A 92.6% reduction in the list price of tafamidis—an effective but ultimately unaffordable drug designed to treat transthyretin amyloid cardiomyopathy (ATTR-CM)—would be required to make the medication accessible to the average heart patient, researchers reported in Circulation Feb. 12.
Tafamidis, which is manufactured by Pfizer, works by binding to and stabilizing transthyretin, which prevents transthyretin tetramer dissociation, first author Dhruv S. Kazi, MD, MSc, MS, and colleagues explained in the paper. The drug lowered all-cause mortality and slowed decline in quality of life and functional capacity in a major study of patients with ATTR-CM and heart failure, prompting its expedited approval via the FDA’s breakthrough pathway. It hit the U.S. market in May 2019.
In many ways, tafamidis has been a game-changer for ATTR-CM patients, who, if left untreated, typically live just 2.5 to 3.5 years after they’re diagnosed. But, at a price point of $225,000 per year, the medication isn’t a feasible option for everyone.
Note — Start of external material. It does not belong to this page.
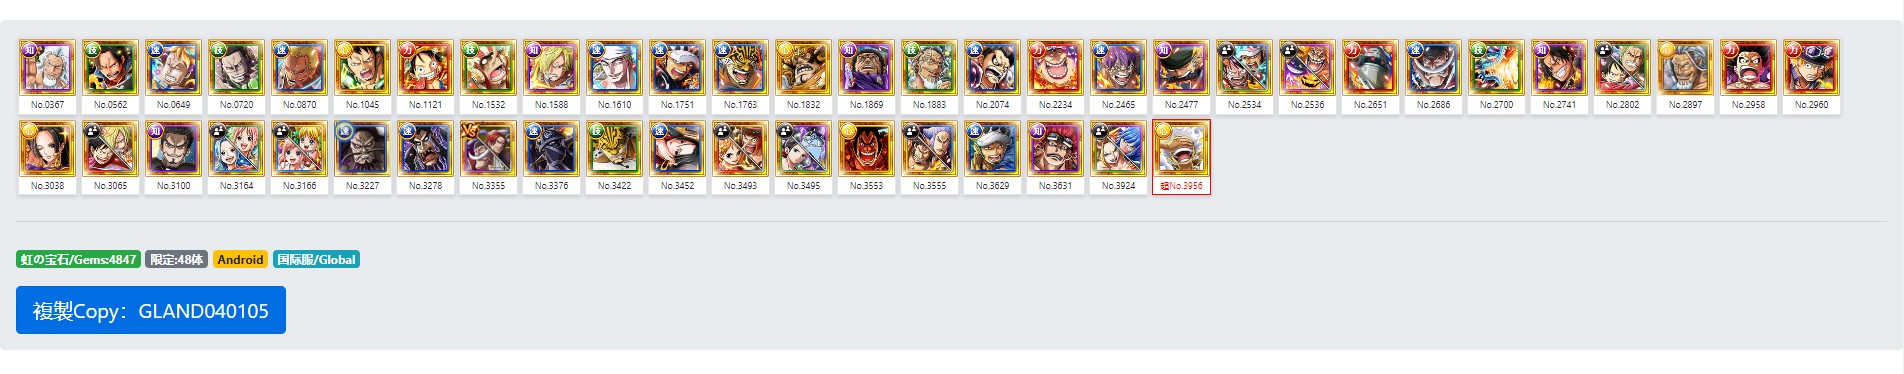 G5 Luffy [Android] GLOBAL Best Starter lv3 Story Untouched Top Tier Characters 4800+ Gems Check Description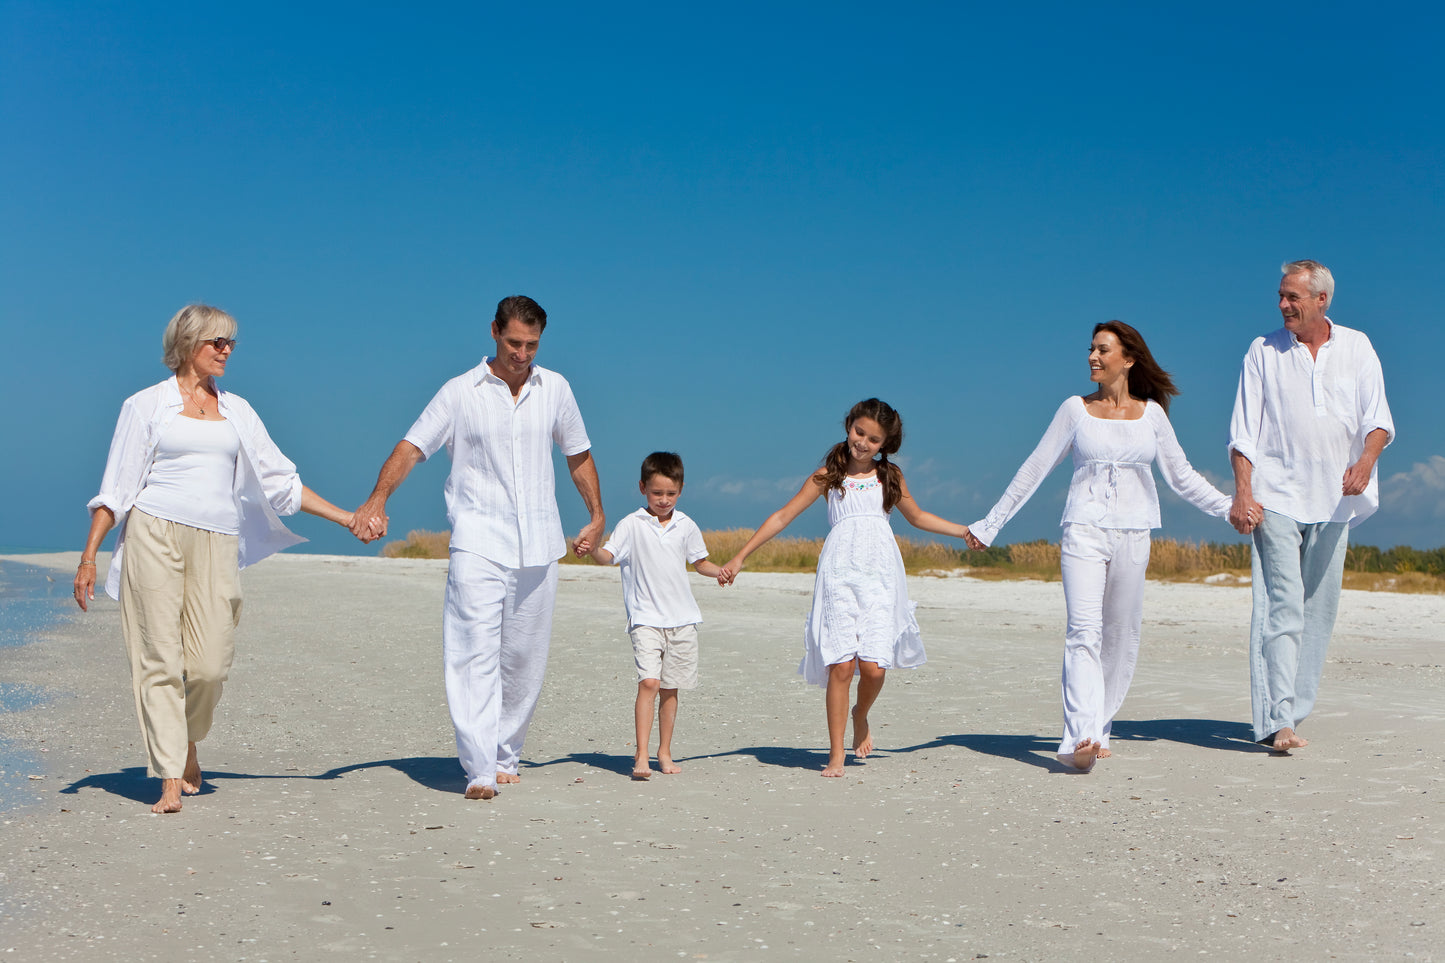 Happy, healthy family of 6, two grand parents, two parents, and their two children walking hand in hand on a white sandy beach

“It is the most expensive cardiovascular drug ever launched in the U.S., raising concerns about cost-effectiveness, affordability and access,” Kazi et al. wrote. “A timely and rigorous cost-effectiveness evaluation would help inform clinical and policy discussions regarding uptake of tafamidis and may influence drug pricing as the drug enters the market.”
The team launched an independent cost-effectiveness analysis of tafamidis, developing a Markov model of patients with wild-type or variant ATTR-CM and HF using data from the Transthyretin Amyloidosis Cardiomyopathy Clinical Trial (ATTR-ACT), published studies, FDA review documents, healthcare claims and national survey data. Tafamidis was compared with “usual care”—no disease-specific treatment—for main outcomes of lifetime incremental cost-effectiveness ratio (ICER) and annual U.S. budget impact.
Kazi and co-authors found that, compared with standard care, tafamidis was projected to add 1.29 quality-adjusted life years (QALY) at an incremental cost of $1,135,000. That would translate to an ICER of $880,000 per QALY gained.
Assuming a threshold of $100,000 per QALY gained and the current price of tafamidis, the authors reported the drug was cost-effective in 0% of 10,000 probabilistic simulations. They said the medication’s price tag would need to shrink a dramatic 92.6%—from $225,000 per year to $16,562 per year—to make tafamidis cost-effective.
Considering the fact that any savings from fewer CV hospitalizations per patient per year would be offset by patients surviving longer, Kazi and colleagues calculated U.S. healthcare spending would increase by $32.3 billion per year if all eligible patients received tafamidis therapy.
“This includes a $31.9 billion increase in annual prescription drug expenditures, which would increase the total U.S. spending for all prescription drugs by 9.3%,” the authors wrote. “As diagnosis rates increase—as a result of greater awareness about ATTR-CM, increased use of nuclear scintigraphy for accurate diagnosis and more widespread uptake of genetic tests to screen family members of individuals with variant ATTR-CM—the budget impact of tafamidis is expected to increase, as well.”
The team said that in turn, the challenge for healthcare systems and payers is likely to increase over time, too.
“If rates of diagnosis of ATTR-CM substantially increase...the impact of tafamidis therapy on total health spending would exceed our projections,” they wrote.